Key Takeaways
- Gaming technology providers at G2E Asia highlighted persistent regulatory challenges preventing innovation adoption throughout Asia-Pacific casino markets
- Senior leaders from Aristocrat and Light & Wonder urged stronger partnerships between industry stakeholders and regulatory bodies during innovation cycles
- Casino cashless systems remain inefficient due to approval frameworks rather than technological limitations
- Land-based gaming venues in the Philippines transitioning to digital platforms via PAGCOR’s PIGO framework face challenges stemming from insufficient online operational knowledge
- Industry specialists cautioned that relying on white-label solutions for digital operations threatens operator control over critical customer data assets
Asia-Pacific’s casino sector confronts an enduring challenge. While technological solutions exist to transform gaming operations, regulatory constraints and organizational competency deficits continue blocking progress.
This assessment emerged from industry leaders speaking at Wednesday’s G2E Asia conference, where senior figures from major gaming suppliers emphasized the need for substantial systemic changes before regional markets can advance.
Jamie Dorbian, who serves as managing director for international operations at Light & Wonder, emphasized that gaming enterprises must improve their engagement strategies with regulatory authorities during early development phases. According to Dorbian, the sector’s habit of maintaining secrecy around innovation projects frequently creates complications when seeking regulatory clearance.
Dorbian highlighted cashless transaction systems as an illustrative case. Modern consumers regularly utilize mobile devices for purchasing everyday items like groceries, beverages, and transportation services. Yet within many casino environments, cashless functionality remains cumbersome and user-unfriendly.
According to Dorbian, technological capability isn’t the bottleneck. Rather, the regulatory infrastructure surrounding these systems creates the friction.
Approval Frameworks Lag Behind Innovation
Kurt Gissane, serving as chief revenue officer at Aristocrat, reinforced these observations. He characterized gaming as among the world’s most rigorously regulated sectors, noting that Asia-Pacific faces particularly challenging regulatory environments compared to other global regions.

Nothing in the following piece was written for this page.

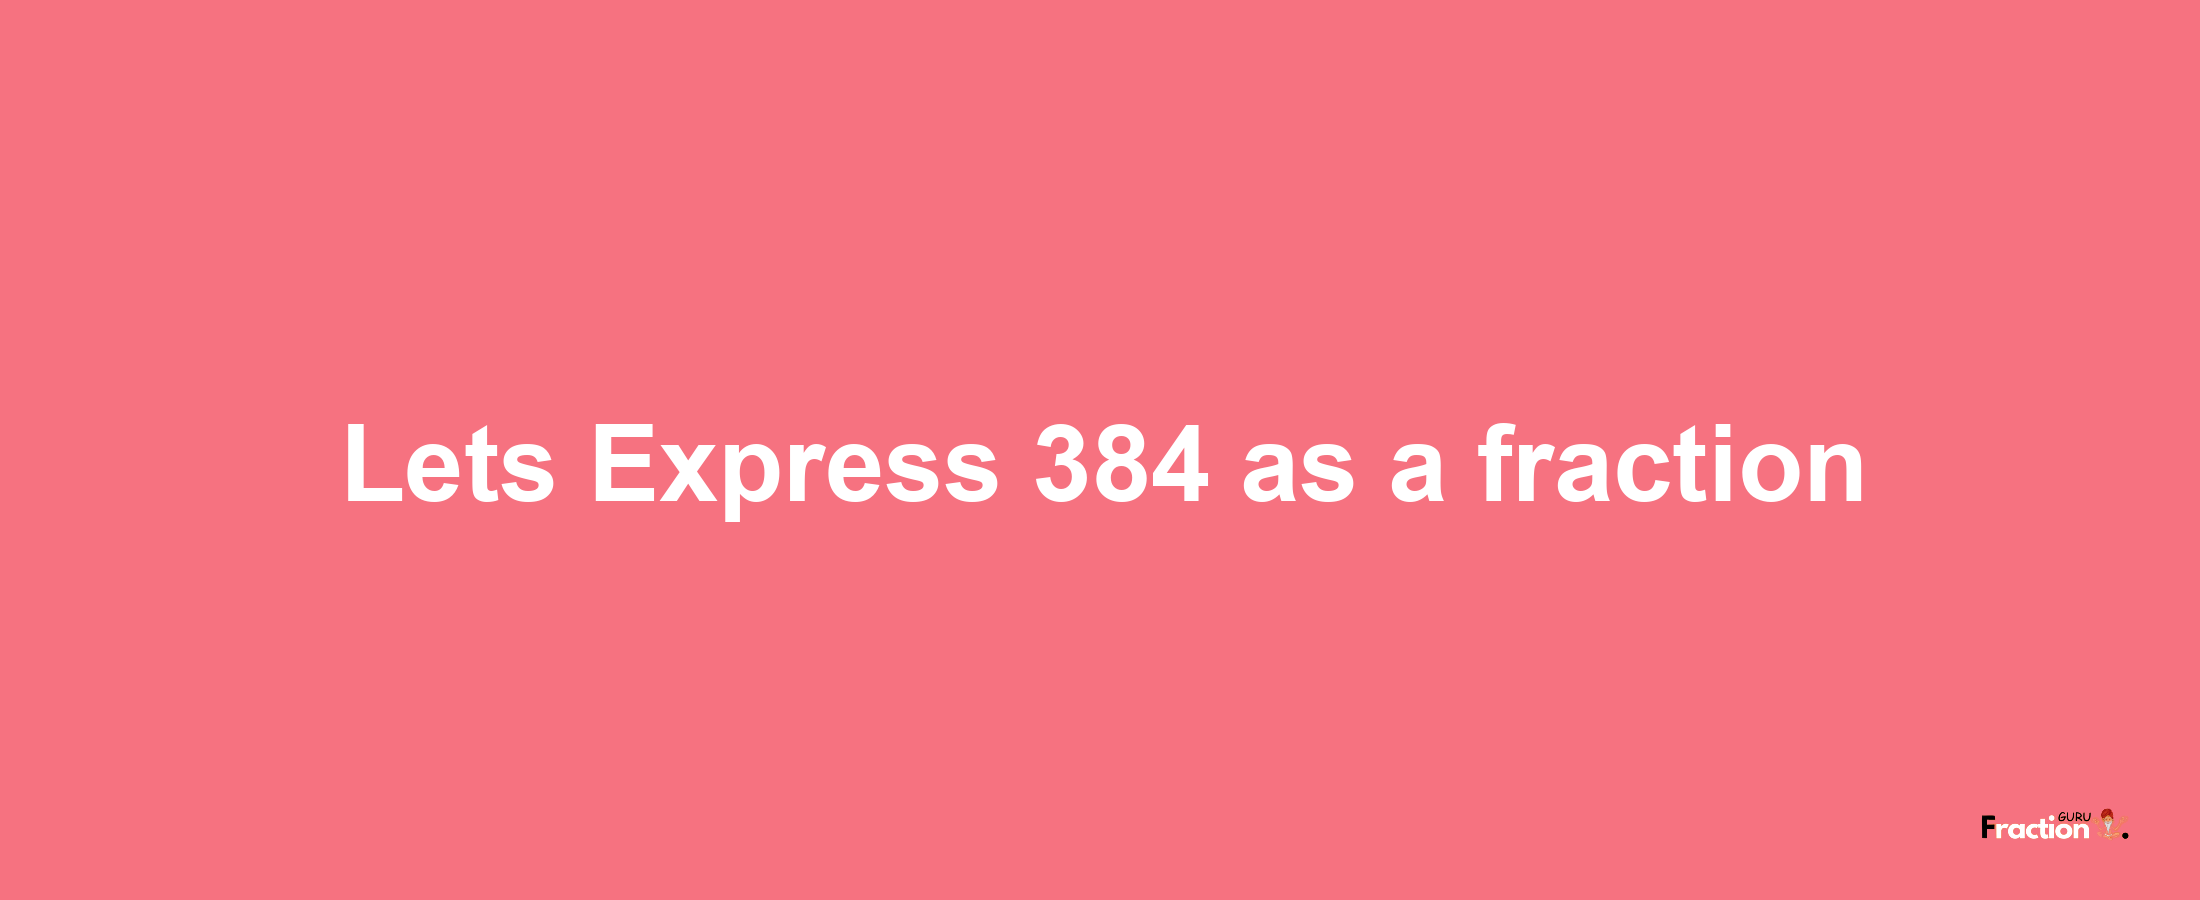 Lets Express 384 as afraction

Gissane emphasized this reality particularly affects digital gaming operations. He observed that mature technology solutions already function effectively in jurisdictions including Australia, Singapore, and Macau. However, regulatory parameters severely restrict what operators can implement with these existing capabilities.

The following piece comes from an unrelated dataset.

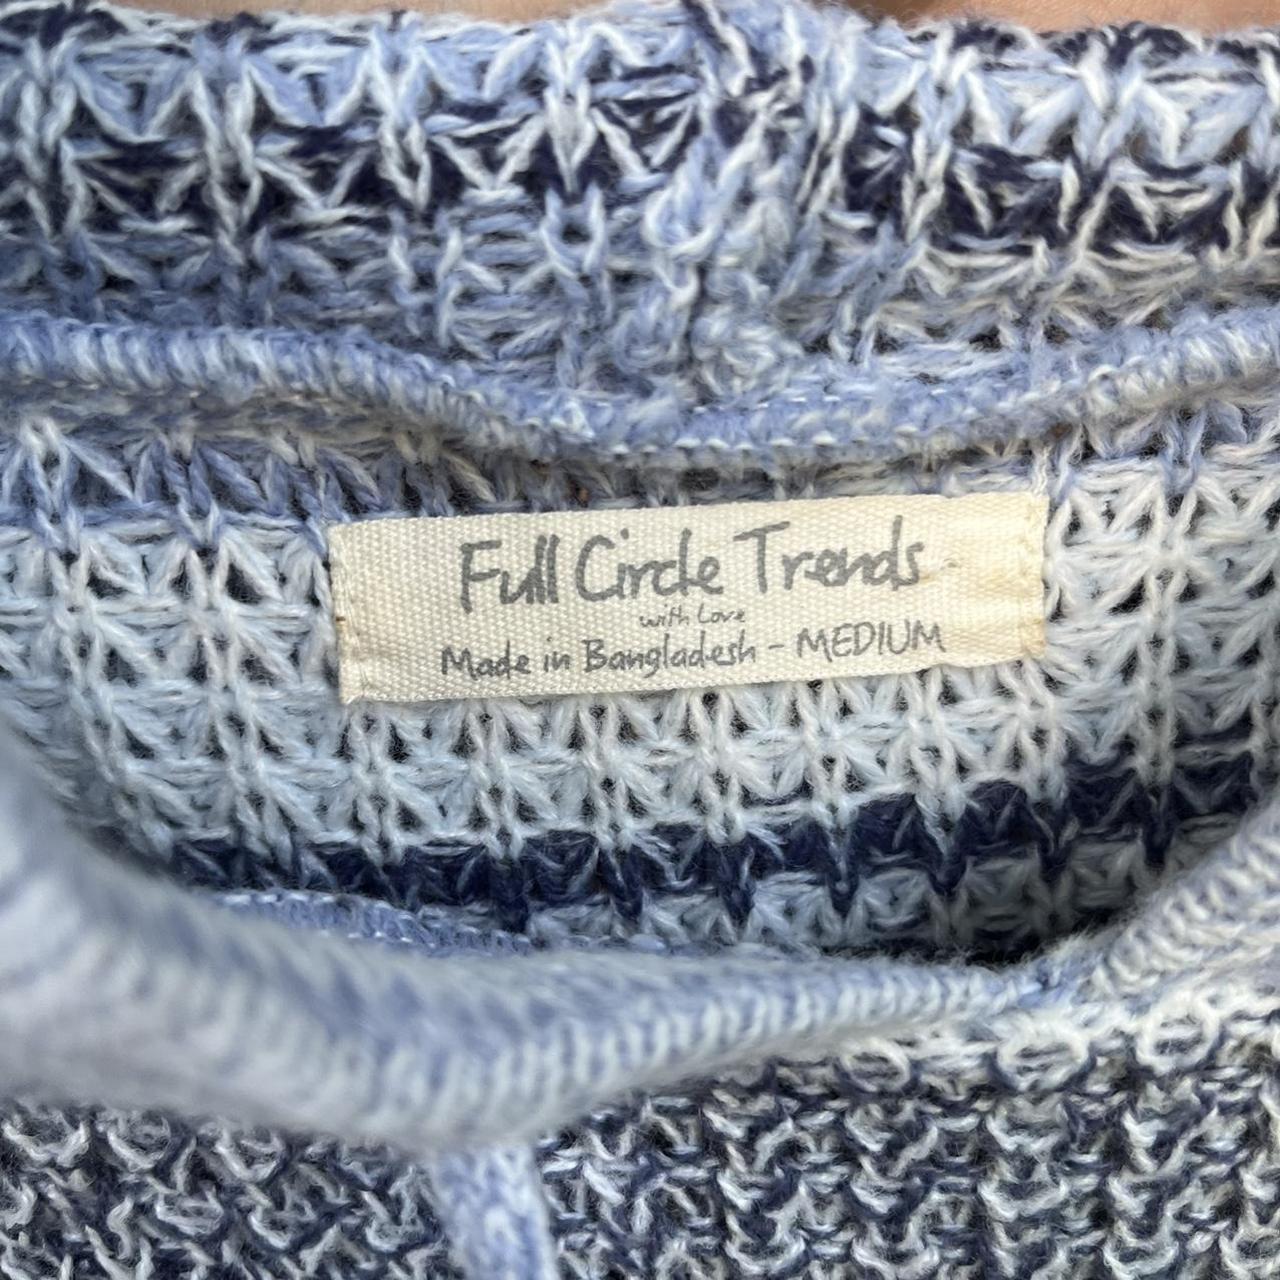 Full Circle Trends Women's White and Blue Jumper (4)

Both industry leaders suggested that regulatory agencies may lack comprehensive understanding of certain technologies falling under their oversight responsibilities. They contended this knowledge deficit significantly delays practical deployment of innovative tools within gaming businesses.
Discussion also addressed a distinct category of impediment—obstacles originating from within casino organizations themselves.
Shaun McCamley, president of Euro Pacific Asia Consulting and creator of social gaming platform GameWorkz, described significant difficulties facing Philippine operators pursuing digital expansion. Numerous land-based integrated resort companies have introduced online offerings through PAGCOR’s PIGO licensing framework.
However, McCamley indicated that most lack the foundational capabilities required for success.
Digital Operations Require Specialized Leadership
McCamley identified the fundamental problem: many traditional casino operators throughout the region possess minimal understanding of digital business management. Some assign online ventures to casino operations teams, who approach them as simple extensions of physical gaming floors.
Other organizations position digital initiatives within IT departments, treating them primarily as technology projects. Some place online operations under marketing divisions, viewing them as brand-building activities. According to McCamley, none of these organizational approaches deliver effective results.
He advocated that digital operations require management as autonomous business units, led by professionals with proven experience operating independent enterprises. Without this structural foundation, McCamley suggested failure becomes the probable outcome.
McCamley additionally cautioned against dependence on white-label service providers. He noted that numerous companies engage third-party operators because boards and investors demand rapid market entry and quick returns.
This strategy, however, carries substantial hidden costs. By transferring operational control to external providers, operators surrender their most valuable business asset—customer data and relationships. McCamley argued this transforms a competitive advantage into a strategic vulnerability because the operator relinquishes direct control.
While technology capable of modernizing Asia-Pacific gaming markets exists and functions effectively, meaningful progress requires both regulatory evolution and enhanced organizational capabilities within operator companies.